A multicenter prospective study, involving 21 ICUs in 20 tertiary hospitals in Japan, included all consecutive adult ICU patients between November 2020 and April 2022, and diagnosed with sepsis at ICU admission (Sepsis 3). Follow-ups were performed at 3, 6, and 12 months after hospital discharge by telephone and mail. Primary outcome was death or incidence of PICS, defined by any of physical dysfunction (Barthel Index ≤ 90), cognitive dysfunction (Short Memory Questionnaire < 40), or mental disorder (any subscales for anxiety or depression of Hospital Anxiety and Depression Scale ≥ 8, or Impact of Event Scale-Revised ≥ 25). Secondary outcomes included Quality of Life (QOL), employment, and use of hospital, emergency, rehabilitation, and psychiatric services. A multivariable analysis investigated independent factors associated with each dysfunction at each follow-up.

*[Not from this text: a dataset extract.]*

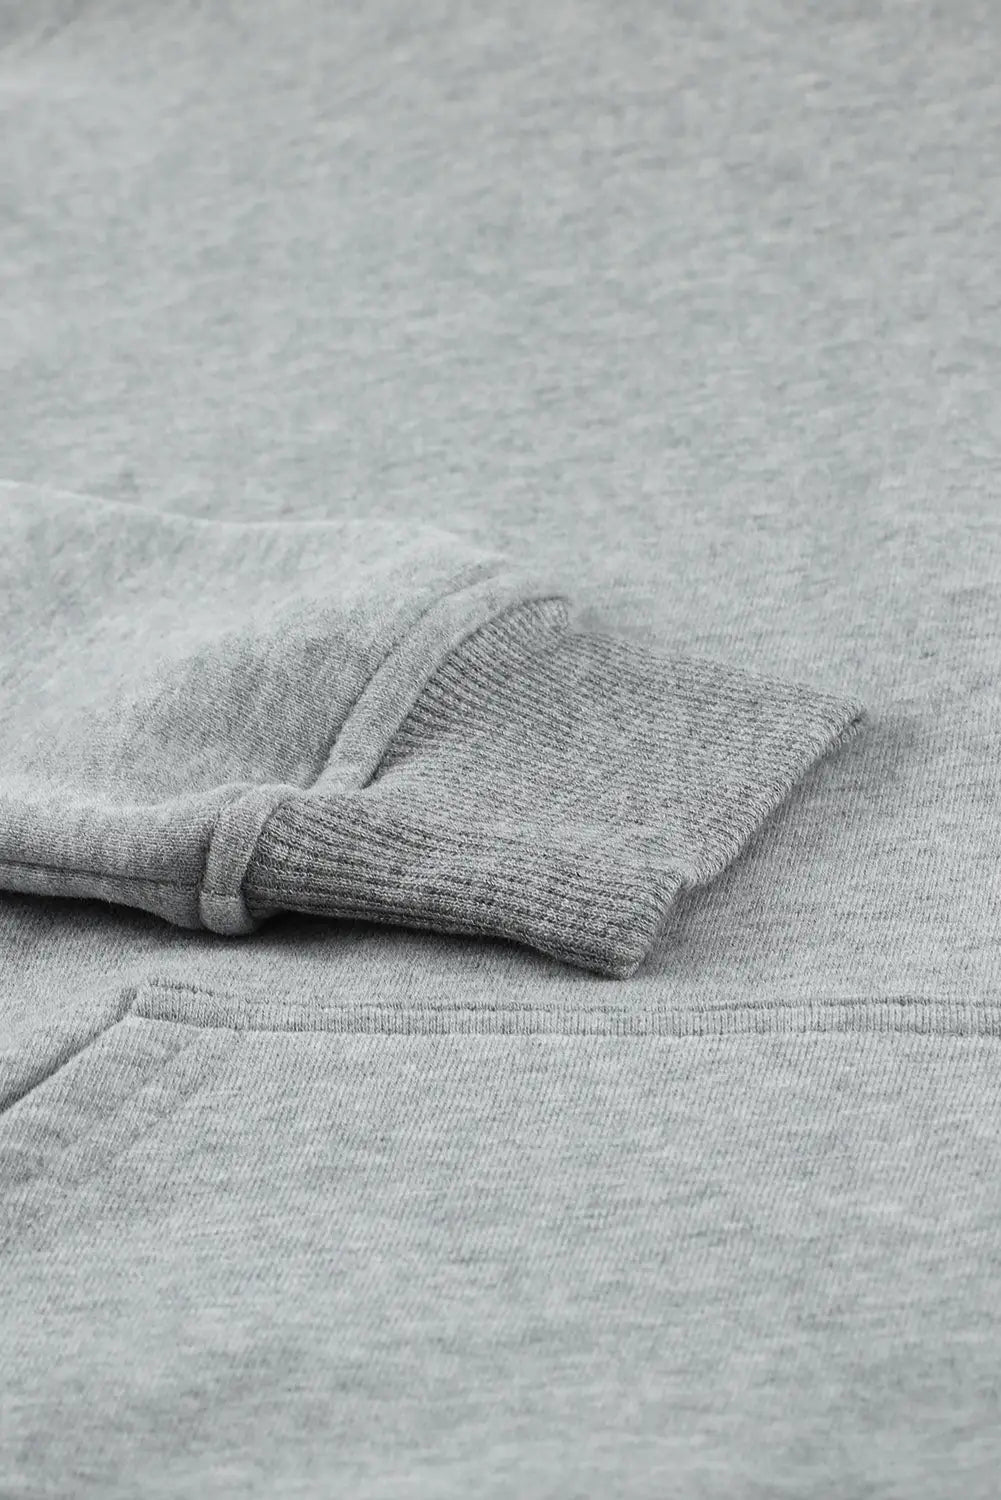 Gray loose kangaroo pocket hoodie - sweatshirts & hoodies

A total of 339 patients were included (median age 74 [67-82] years, 60% male, 77% septic shock, and a median SOFA of 9 [6-12]). Mortality was 23% at hospital discharge, increasing to 37% at 12 months. The rate of death for those who met PICS Criteria at hospital discharge was 89%, with a death or PICS incidence of 73%, 64%, and 65% at 3, 6, and 12 months, respectively. Limited improvements in QOL and return to work (44%), high rates of hospital readmissions (40%), frequent emergency service usage (31%), and low utilization of rehabilitation and psychiatric services (15% and 7%) were identified over the first year. The incidence of any PICS-related dysfunction was consistently an independent factor for the incidence of the same dysfunction at the following follow-ups.

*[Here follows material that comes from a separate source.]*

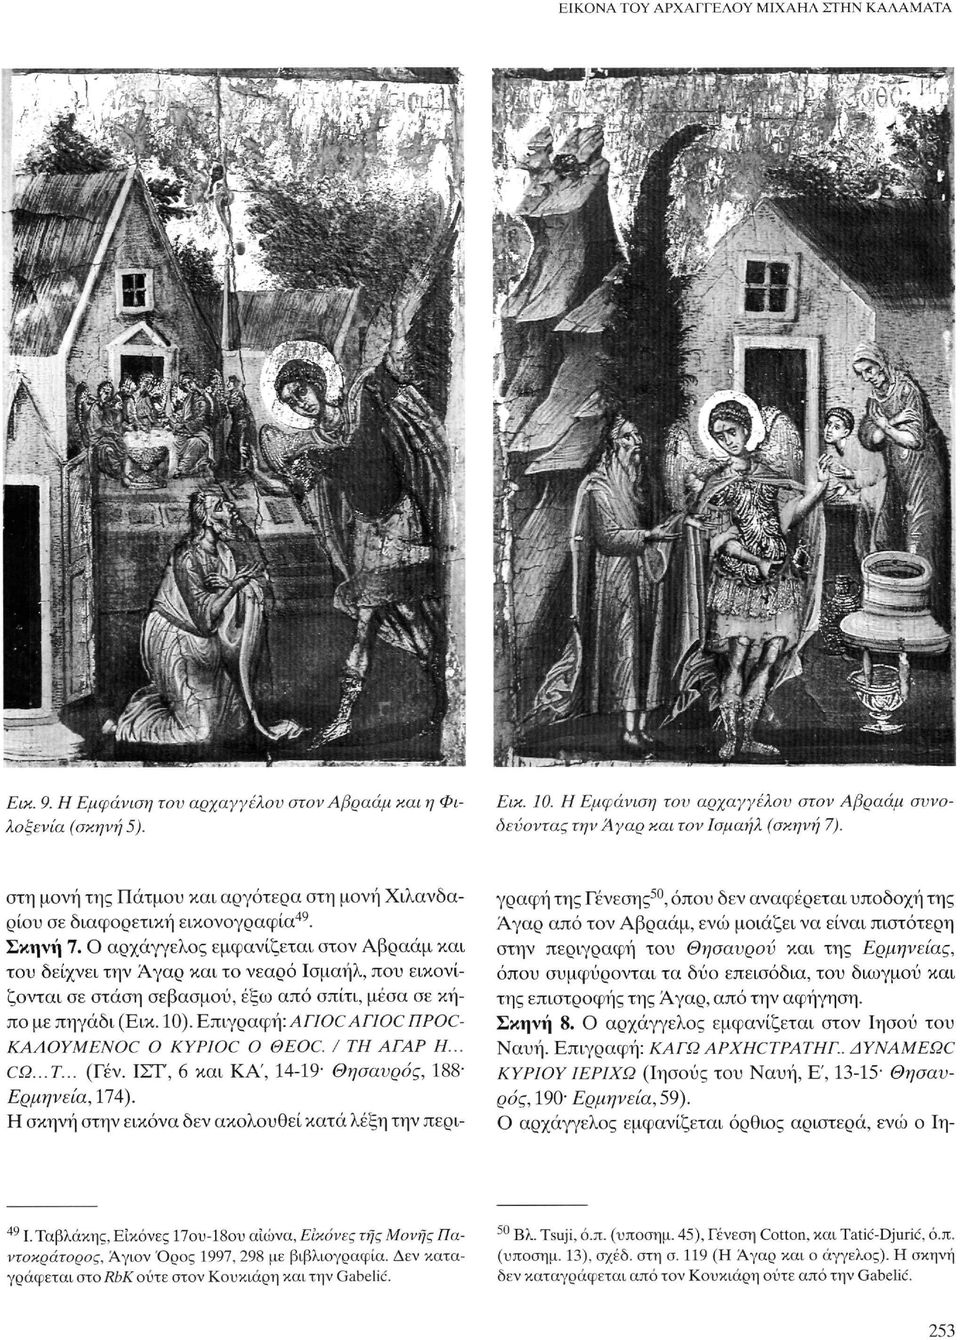 Ο αρχάγγελος εμφανίζεται στον Αβραάμ και του δείχνει την Λγαρ και το νεαρό Ισμαήλ, που εικονίζονται σε στάση σεβασμού, έξω από σπίτι, μέσα σε κήπο με πηγάδι (Εικ. 10).

This multicenter study identified the distinct realities of post-sepsis life in Japanese ICU patients, highlighting the unique challenges in improving their functions and returning to daily life. Trial Registration University Hospital Medical Information Network UMIN000041433.
脓毒症是重症监护病房(ICU)患者死亡的主要原因。脓毒症幸存者常伴有严重的并发症,即重症监护后综合征(PICS),这会影响脓毒症后的生活。本研究旨在提供日本ICU脓毒症患者预后及长期功能结局的详细数据,目前此类数据匮乏,阻碍了针对性解决方案的开发。

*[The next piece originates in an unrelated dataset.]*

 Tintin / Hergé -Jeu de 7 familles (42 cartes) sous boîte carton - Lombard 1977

一项多中心前瞻性研究,纳入了日本20家三级医院的21个ICU,研究对象为2020年11月至2022年4月期间所有连续入住ICU且在入院时被诊断为脓毒症(脓毒症3.0标准)的成年患者。出院后3个月、6个月和12个月通过电话和邮件进行随访。主要结局为死亡或PICS的发生率,PICS定义为存在以下任何一种情况:身体功能障碍(Barthel指数≤90)、认知功能障碍(简短记忆问卷得分<40)或精神障碍(医院焦虑抑郁量表中焦虑或抑郁的任何子量表得分≥8,或事件影响量表修订版得分≥25)。次要结局包括生活质量(QOL)、就业情况以及医院、急诊、康复和精神科服务的使用情况。多变量分析研究了每次随访时与每种功能障碍相关的独立因素。
共纳入339例患者(中位年龄74[67 - 82]岁,男性占60%,77%为脓毒性休克,中位序贯器官衰竭评估(SOFA)评分为9[6 - 12])。出院时死亡率为23%,12个月时升至37%。出院时符合PICS标准患者的死亡率为89%,3个月、6个月和12个月时死亡或PICS的发生率分别为73%、64%和65%。在第一年中,生活质量改善有限且恢复工作的比例为44%,再次入院率较高(40%),频繁使用急诊服务(31%),康复和精神科服务利用率较低(分别为15%和7%)。任何与PICS相关的功能障碍发生率始终是后续随访中相同功能障碍发生率的独立影响因素。
这项多中心研究明确了日本ICU脓毒症患者脓毒症后生活的独特现实情况,突出了改善其功能和恢复日常生活方面的独特挑战。试验注册:大学医院医学信息网络UMIN000041433 。